— Ты не должен
допустить, чтобы тебя послали туда, где нет друзей, которые сумеют тебя
защитить…
— Хорошо, — тихо сказал Майкл, взяв Ноя за руку, — я пойду с тобой.
Но сказал он это не потому, что считал себя человеком, который
нуждается в друзьях.
34
Какой-то военный священник, ехавший на джипе, подобрал их по другую
сторону Шато-Тьерри. День был пасмурный, и в старых памятниках на
кладбищах, в поржавевших проволочных заграждениях времен прошлой войны
чувствовался мрачный дух запустения.
Священник, еще молодой человек с южным акцентом, оказался очень
разговорчивым. Он был прикомандирован к истребительной группе и теперь
направлялся в Реймс, чтобы выступить в качестве свидетеля по делу одного
пилота, которого должен был судить военный суд.
— Бедный мальчик, — говорил священник, — трудно представить себе
лучшего парня. Имеет прекрасный послужной список, двадцать два боевых
вылета, сбил один немецкий самолет наверняка и два предположительно, и,
несмотря на все это, полковник лично просил меня не выступать в качестве
свидетеля. Но я считаю своим христианским долгом быть там и сказать свое
слово в суде.
— Что же он натворил? — спросил Майкл.
— Нарушил общественный порядок на вечере, устроенном Красным Крестом:
помочился на пол во время танцев.
Майкл ухмыльнулся.
— Поведение, недостойное офицера, говорит полковник, — раздраженно
сказал священник. — Парень был немного выпивши, и я не знаю, что ему
взбрело в голову. Я лично заинтересован в этом деле: я имел длительную
переписку с офицером, который ведет защиту. Он очень ловкий парень,
прихожанин епископальной церкви, до войны был адвокатом в Портленде. Да,
сэр. И полковнику не удастся помешать мне сказать то, что я должен
сказать, и он хорошо знает об этом. Да ведь полковник Баттон, — с
негодованием воскликнул священник, — меньше чем кто-либо другой, имеет
право отдавать под суд человека по такому обвинению. Я намерен рассказать
суду о проделках полковника на танцах в Далласе, в самом сердце
Соединенных Штатов Америки, в присутствии американских женщин. Можете мне
не верить, но полковник Баттон, в полной парадной форме, помочился в кадку
с пальмой в танцевальном зале одной из гостиниц в центре города. Я видел
это собственными глазами. Но ведь у него большой чин, и это дело замяли.
Но теперь все это выплывет наружу. Я этого так не оставлю.

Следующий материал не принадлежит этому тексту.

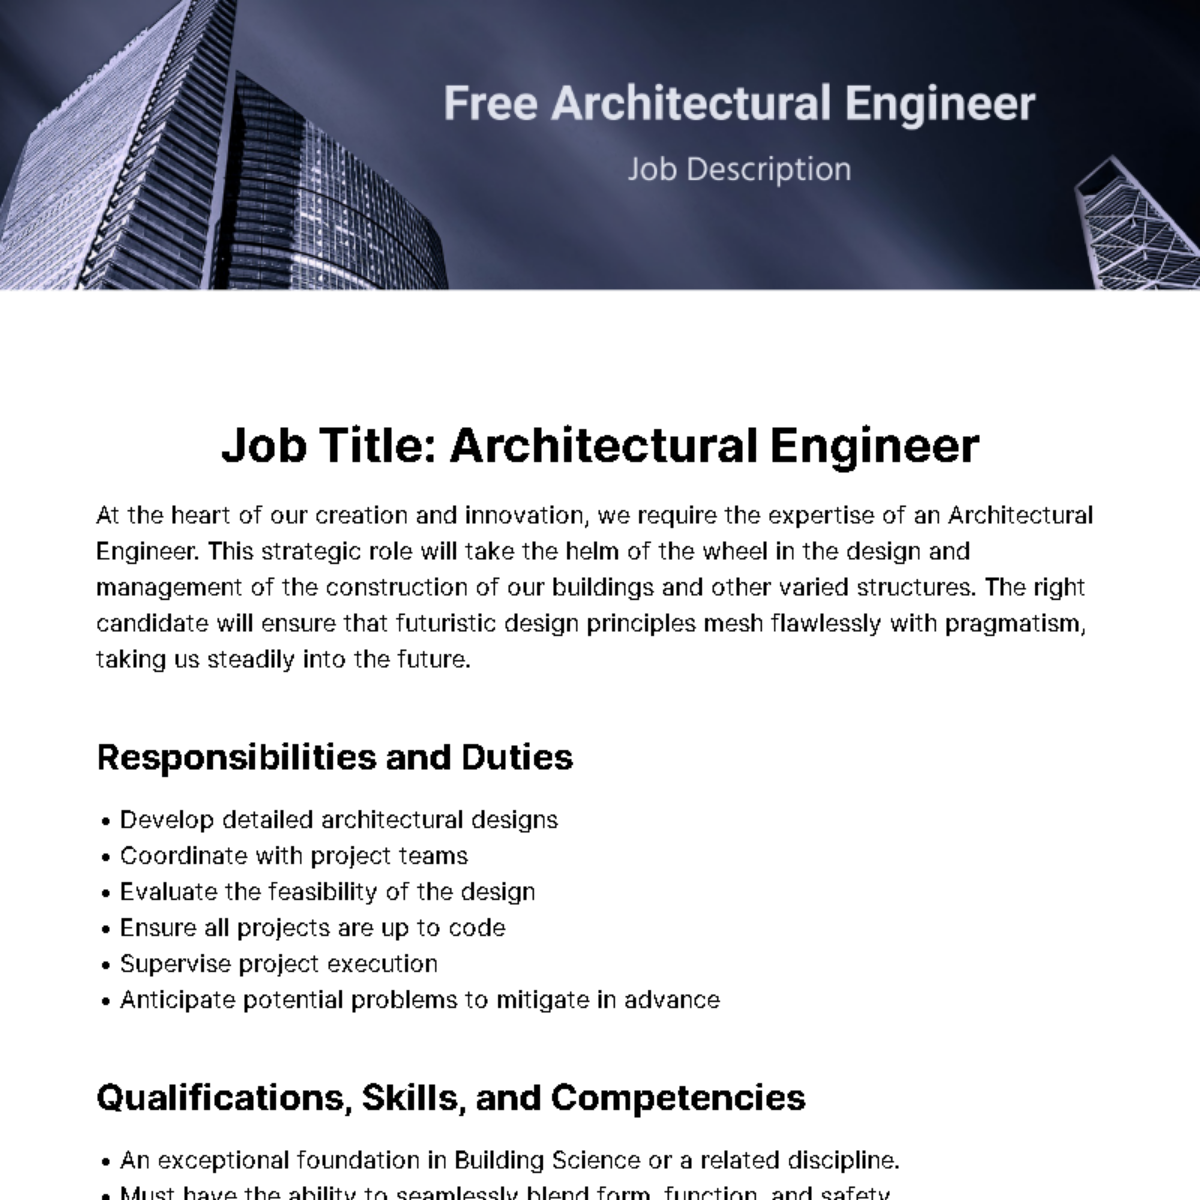 Free Architectural Engineer Job Description Template

Пошел сильный дождь. Вода лила ручьем на старые земляные сооружения и
прогнившие деревянные столбы, на которых в 1917 году была натянута
проволока. Священник сбавил скорость, всматриваясь в дорогу через
затуманенное ветровое стекло. Ной, сидевший впереди рядом со священником,
действовал ручным стеклоочистителем.
Ной, сидевший впереди рядом со священником,
действовал ручным стеклоочистителем. Они проезжали мимо небольшого
кладбища, расположенного возле дороги, где были похоронены французы,
погибшие при отступлении в 1940 году. На некоторых могилах были поблекшие
искусственные цветы, а посредине стояла небольшая статуя святого в
застекленном ящике, установленная на сером деревянном пьедестале. Майкл
отвернулся от священника, думая о том, как переплетаются события разных
войн. Священник резко затормозил и задом подвел машину к маленькому
французскому кладбищу.
— Это будет очень интересный снимок для моего альбома, — сказал
священник. — Не встанете ли вы, ребята, вот здесь, перед этим кладбищем?

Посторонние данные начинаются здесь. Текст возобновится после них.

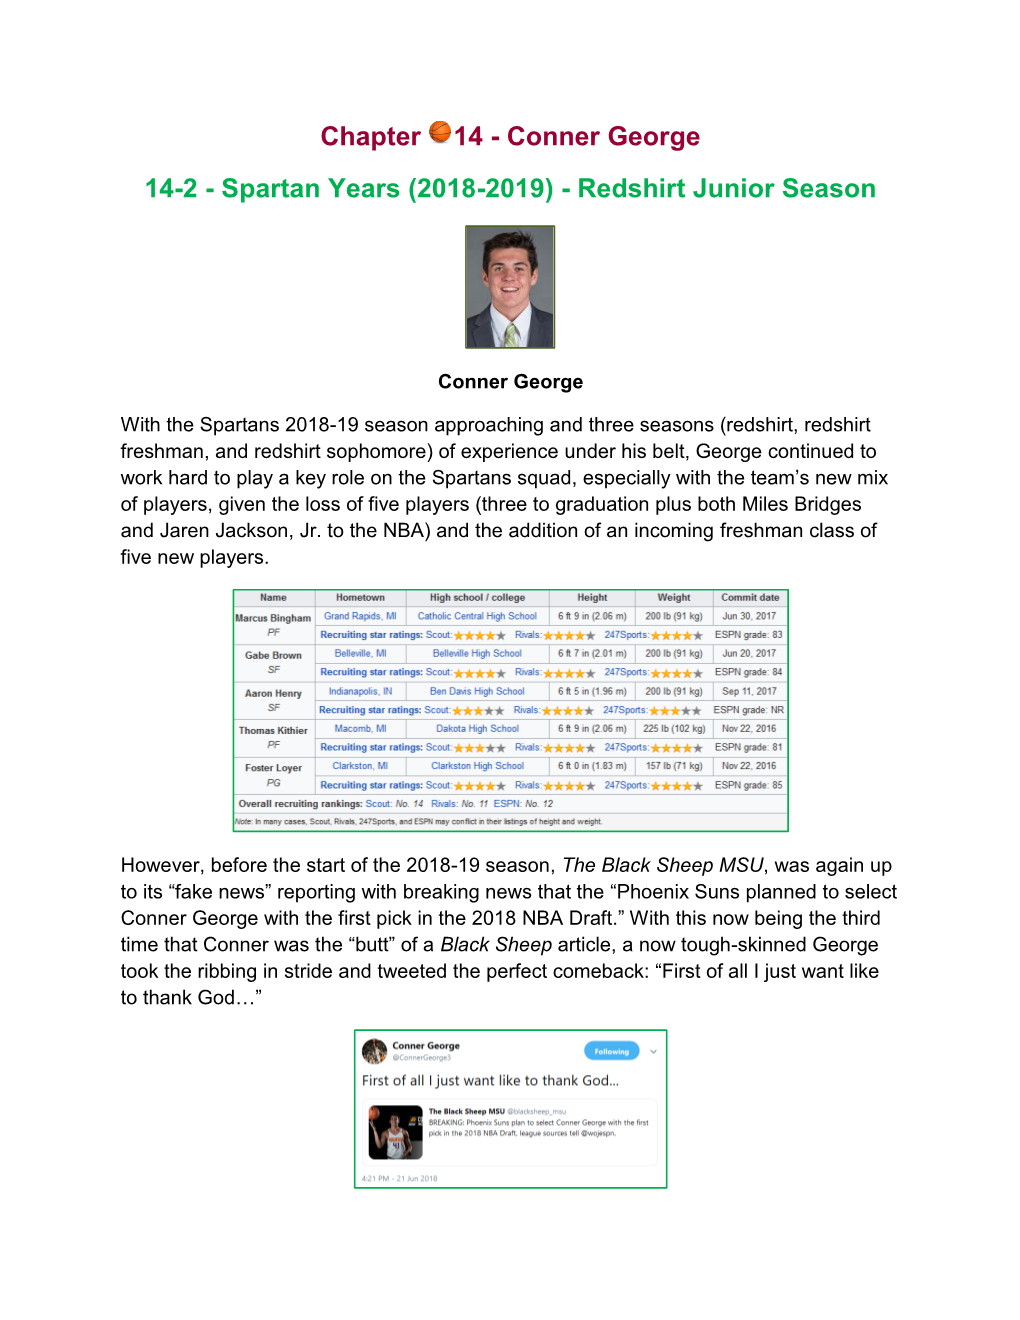 Conner George 14-2 - Spartan Years (2018-2019) - Redshirt Junior Season

Майкл и Ной вышли из машины и стали перед оградой: «Pierre Sorel, —
прочитал Майкл на одном из крестов, — Soldat premiere classe, ne 1921,
mort 1940» [Пьер Сорель, рядовой первого класса, родился в 1921 году, умер
в 1940 году (франц.)]. Искусственные лавровые листья, обвитые черными
траурными лентами, пролежали под проливными дождями и жарким солнцем вот
уже больше четырех лет.
— С начала войны у меня накопилось больше тысячи фотографий, — сказал
священник, деловито орудуя блестящей «лейкой». — Это будет ценнейшая
коллекция. Чуть левее, пожалуйста, ребята. Вот так. — Щелкнул затвор. —
Прекрасный аппаратик, — с гордостью сказал священник. — Можно снимать при
любом освещении. Я выменял его у пленного фрица за двадцать пачек сигарет.
Только фрицы умеют делать хорошие фотоаппараты. У них есть терпение,
которого не хватает нам. Теперь, ребята, дайте мне адреса ваших родных в
Штатах, я отпечатаю две лишних карточки и пошлю им: пусть посмотрят, как
хорошо вы выглядите.
Ной назвал священнику адрес Плаумена в Вермонте для передачи Хоуп.
Священник аккуратно записал адрес в блокнот в черном кожаном переплете с
крестом.
— Насчет меня не беспокойтесь, — сказал Майкл. Ему не хотелось, чтобы
мать и отец увидели на фотографии своего сына, такого худого,
изможденного, в плохо подогнанном обмундировании, стоящего под дождем на
обочине дороги перед кладбищем, где похоронены десять молодых французов. —
Мне не хочется доставлять вам хлопоты, сэр.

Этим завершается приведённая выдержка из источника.